Under single pricing, one imbalance price applies per settlement period regardless of the sign of the imbalance, and that price is set by the direction the system needed regulation: system short → high (up-regulation) price; system long → low/negative price. So an FSP is essentially never penalized for helping the system — the entire risk lives in being on the wrong side during scarcity. Swedish flex products are overwhelmingly upward, and upward flex is by construction called when the system is short — i.e., during the high-price, scarcity hours when the imbalance price (mFRR-based, strongly spot-correlated) is highest.

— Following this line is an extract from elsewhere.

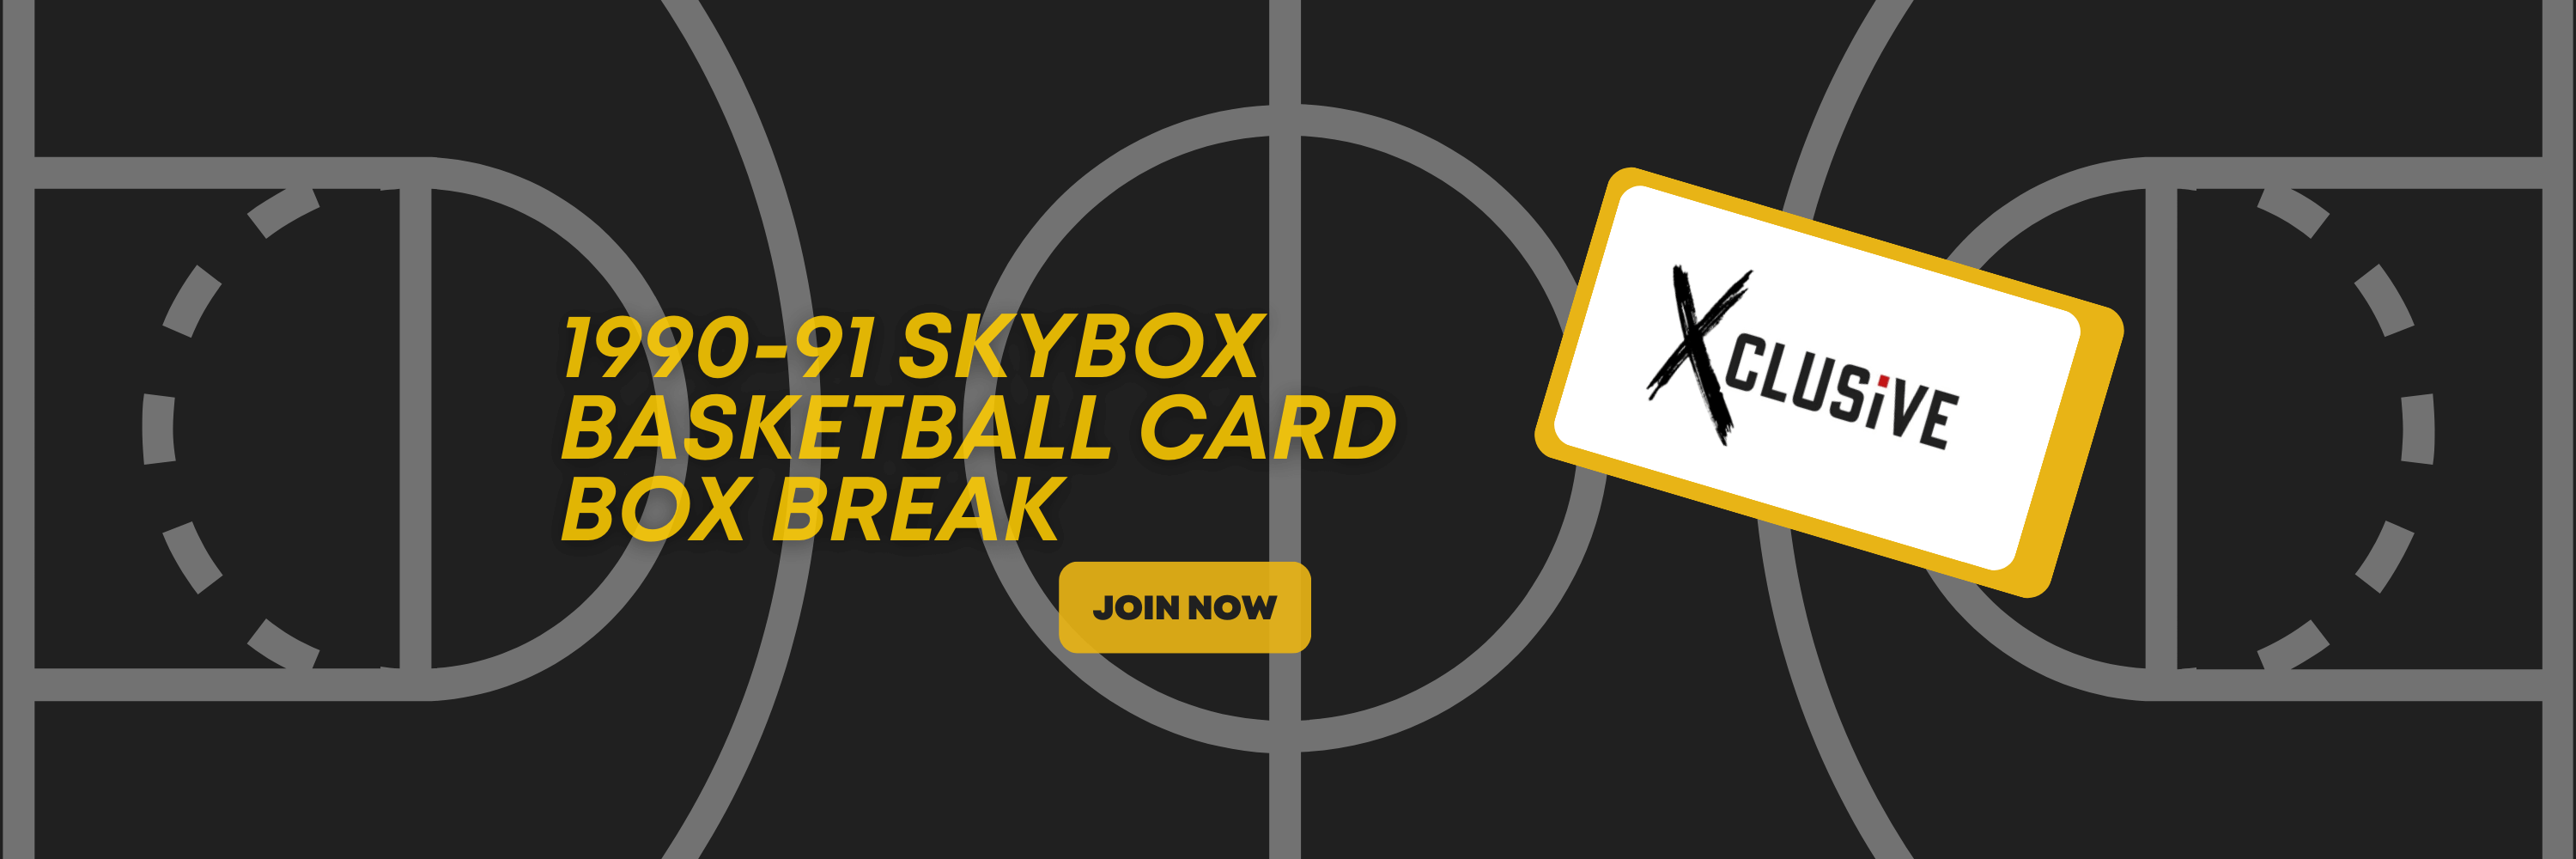 1990-91 Skybox Basketball Card Preview & Box Break: A Trip Down Memory Lane

That sets up a sharp asymmetry:
| Bias | Mechanism | Cost |
|---|---|---|
| Over-optimism (over-commit / SOC too high / baseline too high) | Under-delivers → short into a short system → settled at the penal up-regulation price; may also trip the 75% delivery cliff → total loss of activation payment | Cash loss, concentrated in the most expensive hour |
| Conservatism (under-commit / bid below capability) | Delivers fully or over-delivers; any imbalance tends to be favorable | Opportunity cost only |
The deeper principle: it is not the magnitude of the bias that ruins you, it is its correlation with price. Imbalance cost = error × price; a zero-mean, scarcity-uncorrelated error nets out cheaply across many periods at the single price, while a bias that leaves the FSP short during scarcity concentrates all its cost in the highest-price hours. And those hours — cold snaps, low wind, peak demand — are exactly the ones a historical-average forecast handles worst, because they have the least precedent in the training data. The statistical weakness and the financial penalty coincide.
Two corollaries:
- Battery-specific: over-optimism about SOC is the acute form — the AEM/NEM energy-management rules (Energy Storage › NEM and AEM — operational energy management) can pull a battery out of delivery exactly when called, producing under-delivery into scarcity.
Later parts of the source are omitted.